George Holworthy Palmer


The Imperial Gas Company was from its beginning more enthusiastic about the manufacture of ammonia salts than the Chartered. At St. Pancras they had employed George Holworthy Palmer as a 'draughtsman'.


Palmer, mentioned above in connection with David Richards, was still at the start of a long and colourful career in the gas industry. By 1822 he had already worked for Chartered and been promoted there from storekeeper to Clegg's assistant and then dismissed. He went next to Macclesfield where he developed a purification process. While at Imperial, he was at the same time superintendent at the Mint Gas Works. He thus brought to Imperial considerable skills and experience in several of the technologies needed to run a gasworks and had a proven interest in its chemistry. He was however a very unstable character and Imperial, unlike some of his later employers, could not have foreseen his numerous future disasters.

Before gas production began at St.Pancras Palmer was directed to 'furnish plans and elevations of an elabotary as works and apparatus to be employed for the manufacture of carbonate, muriate and sulphate of ammonia’. A few months later he was required to provide apparatus for the ammonia laboratory.

As well as the new St.Pancras works Palmer was also in charge of the Imperial's venture at Haggerston. Sometimes known as 'Shoreditch works', it covered the area which is today Haggerston Park. There he was told to site the 'new purifying engine ...... alongside Scott's Pond.' This was to be used for the evaporation and preparation of the ammoniacal liquor.

As well as providing apparatus Palmer was asked to run tests on the chemicals themselves.
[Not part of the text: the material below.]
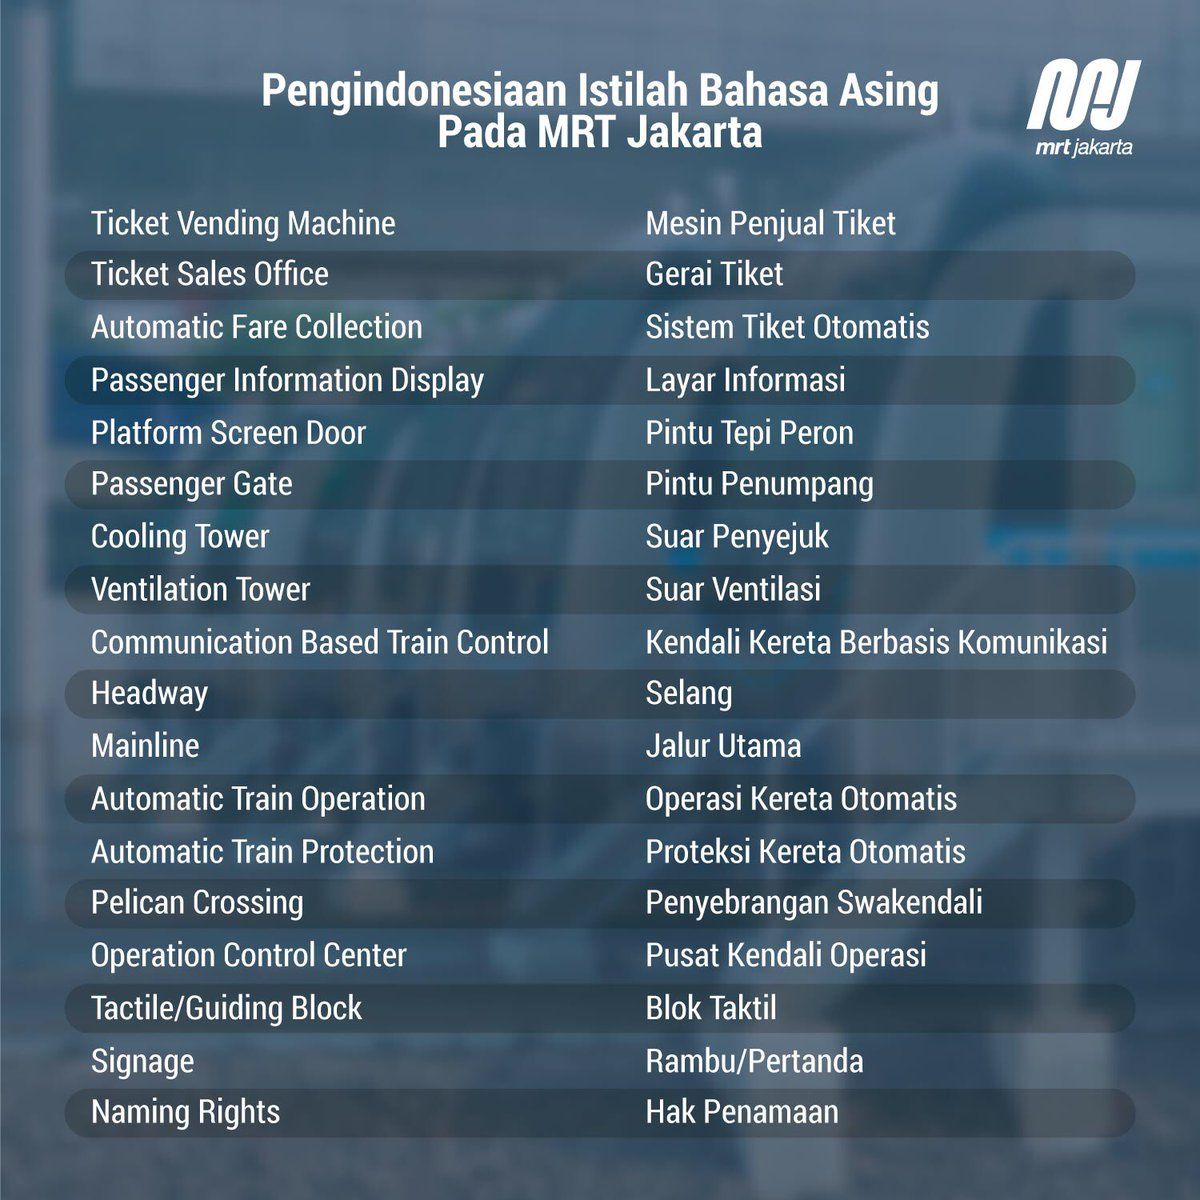 Upaya Pengindonesiaan Bahasa Asing oleh MRT Jakarta
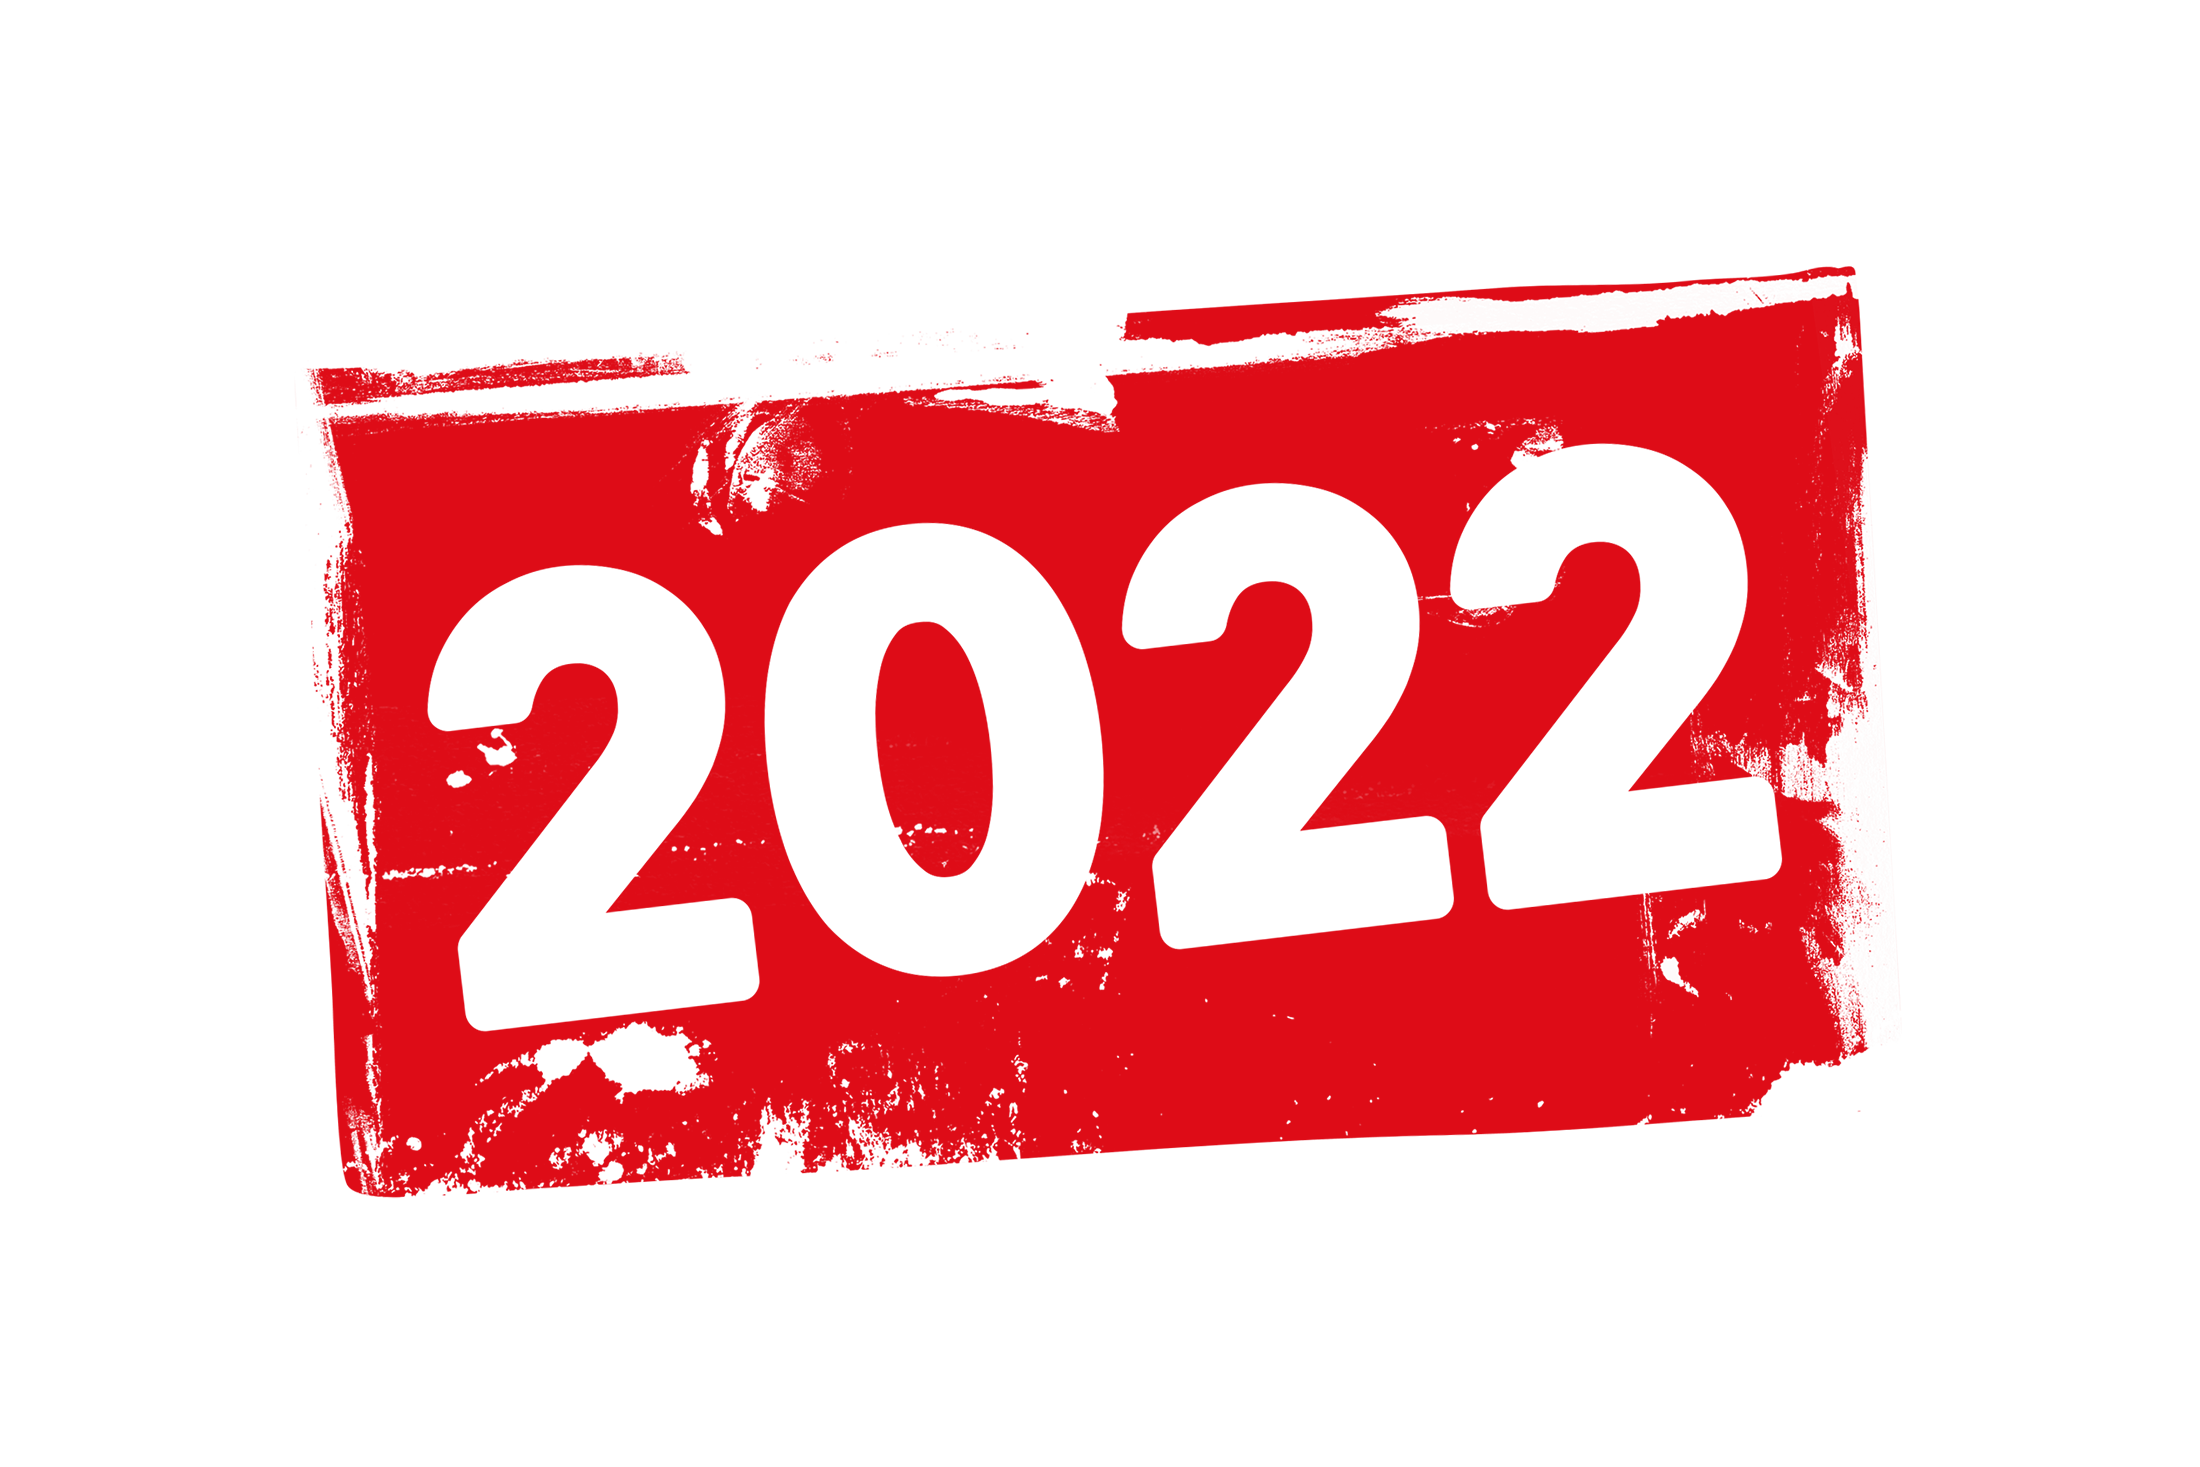 Année 2022

He was to 'take one gallon of ammoniacal liquor and saturate it with sulphuric acid'.

Soon after, Palmer, inevitably, was sacked for 'negligence or insufficiency' -probably because the gasholder at Shoreditch had fallen down and he had been abusive to the directors. Imperial resolved however 'to continue experimental works for conversion [of ammoniacal liquor] into a more suitable form for sale'.

2 comments:

  1. A great blog! Did you work in the gas industry? How are you going to preserve this work?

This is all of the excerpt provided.